■ EXERCISE INPUTS:
------------------------

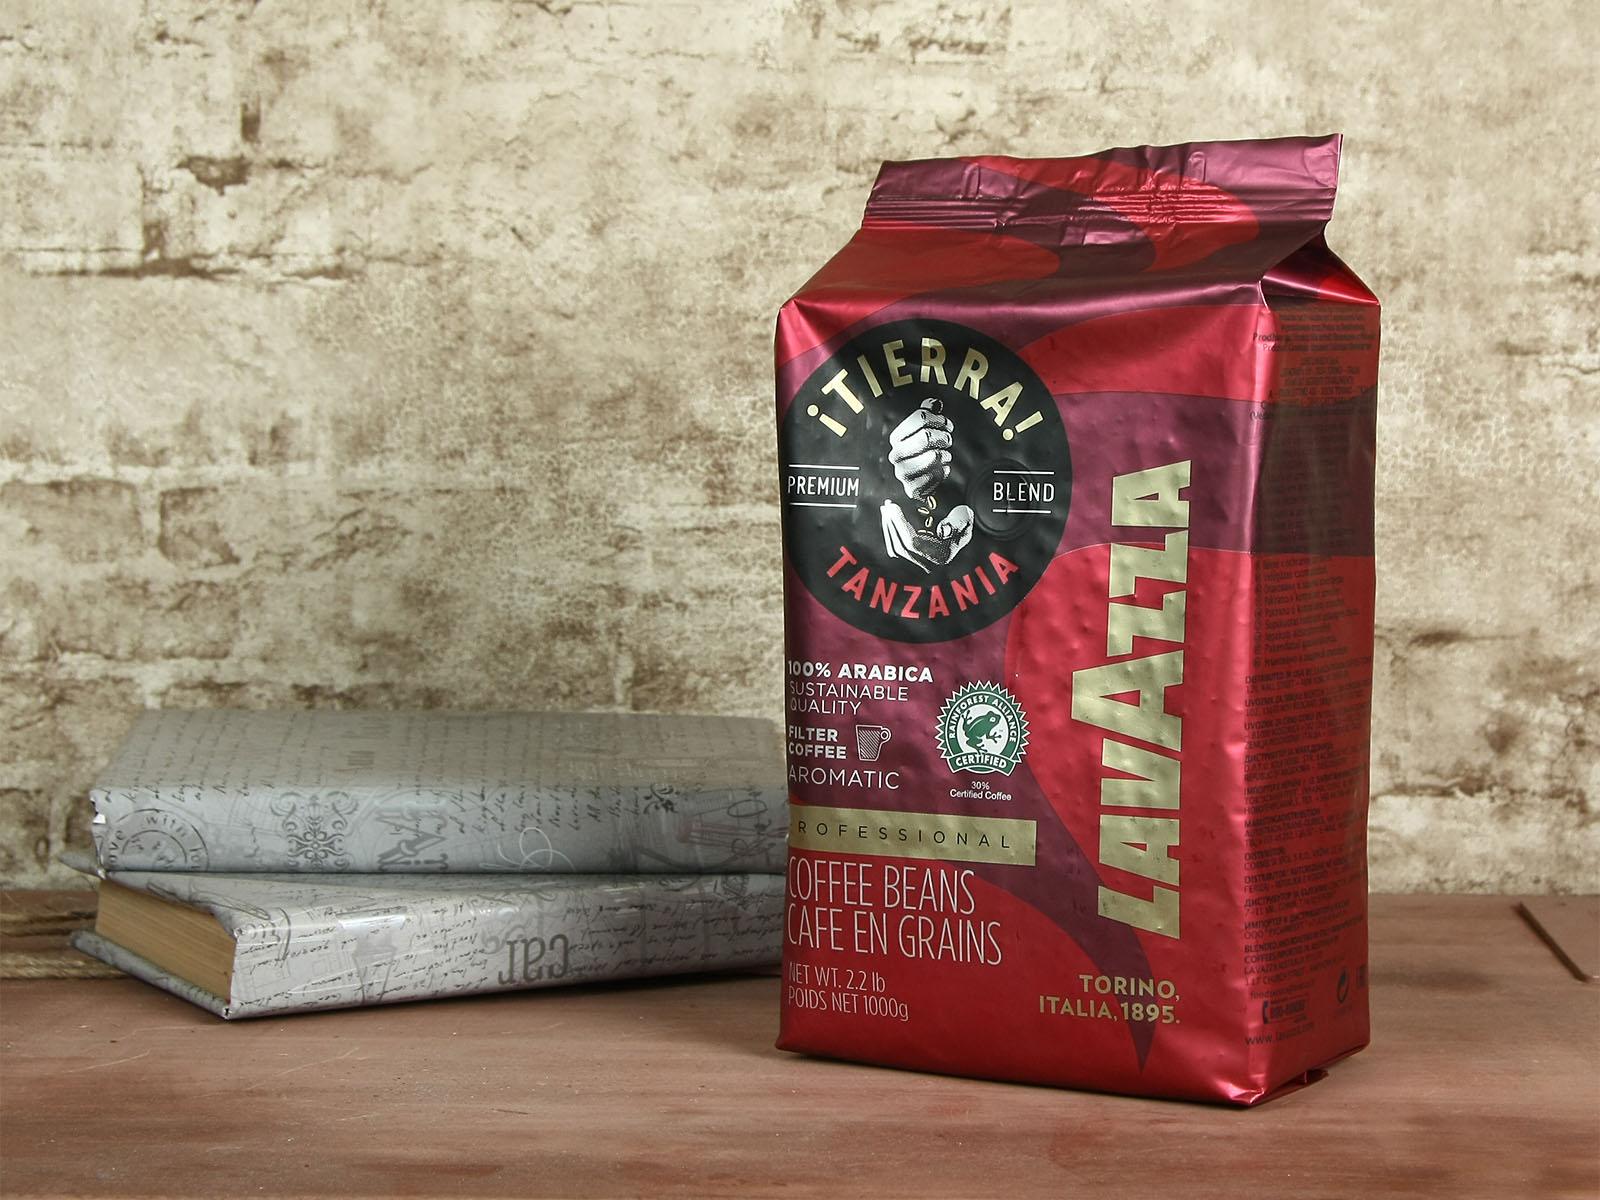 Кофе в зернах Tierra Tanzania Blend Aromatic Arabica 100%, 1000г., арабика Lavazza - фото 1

------------------------

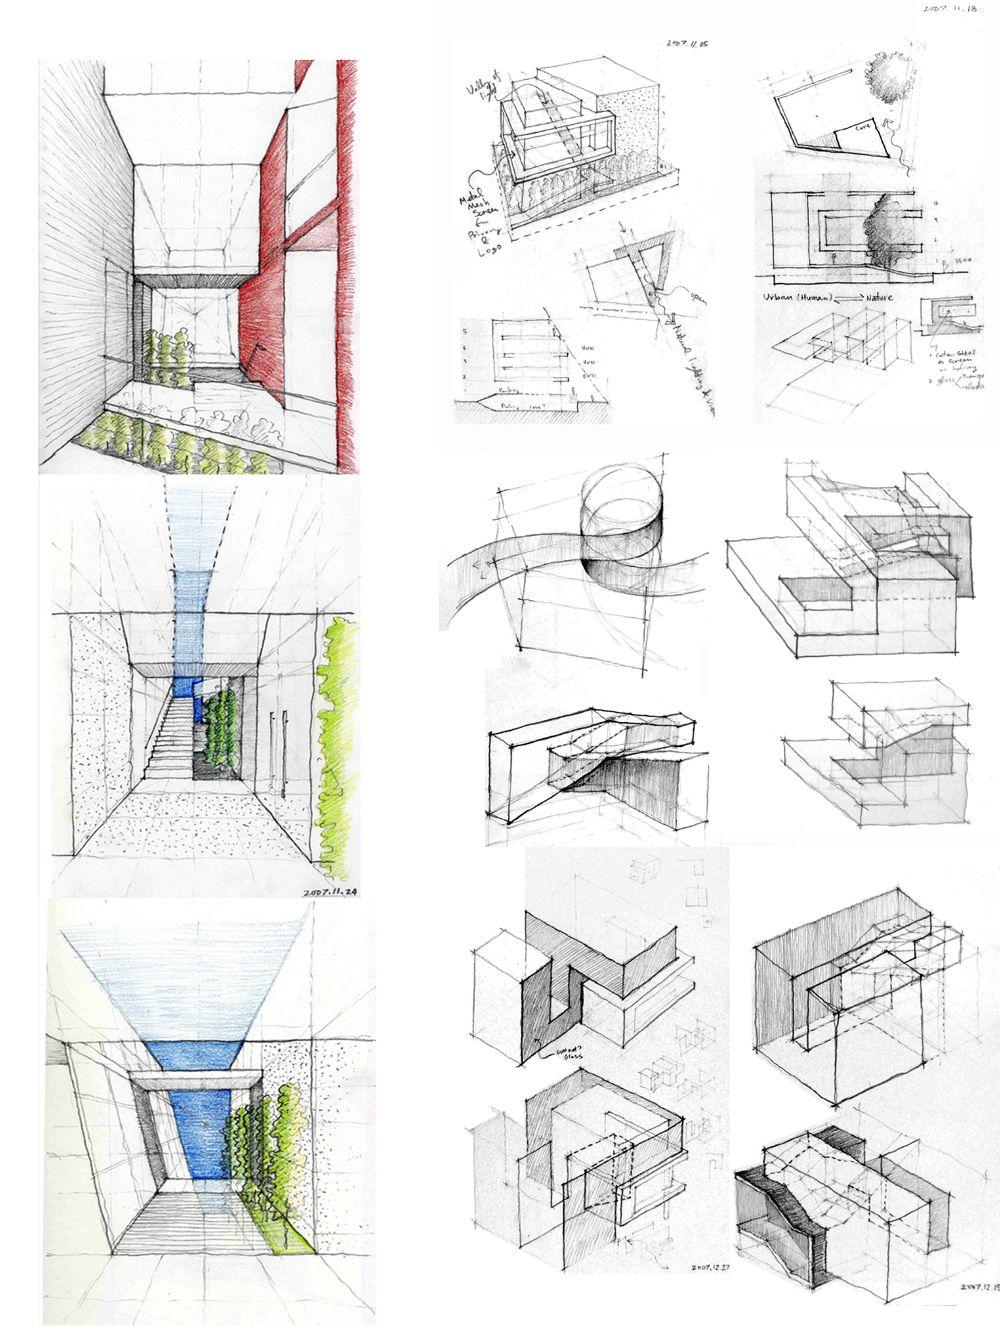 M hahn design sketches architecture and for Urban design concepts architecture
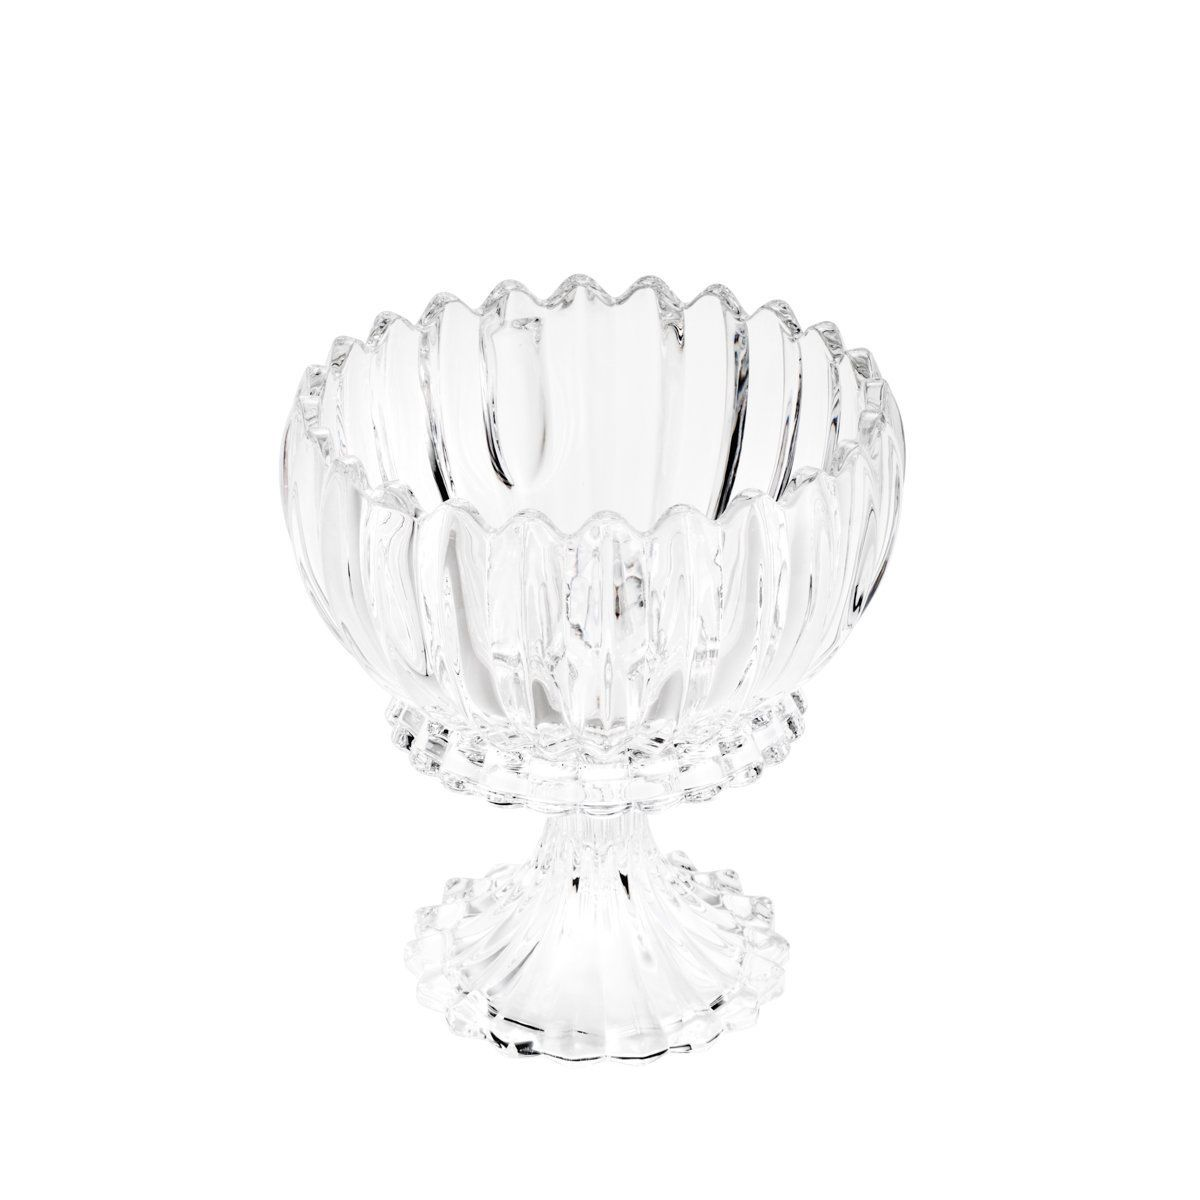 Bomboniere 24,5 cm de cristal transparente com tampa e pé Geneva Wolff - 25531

------------------------

■ ABOUT THIS TASK:
Look above and copy only the lines from the one holding "M hahn design" to the one holding "Bomboniere 24,5 cm", both included, exactly, minus the pictures.

■ EXPECTED ANSWER:
 M hahn design sketches architecture and for Urban design concepts architecture
 Bomboniere 24,5 cm de cristal transparente com tampa e pé Geneva Wolff - 25531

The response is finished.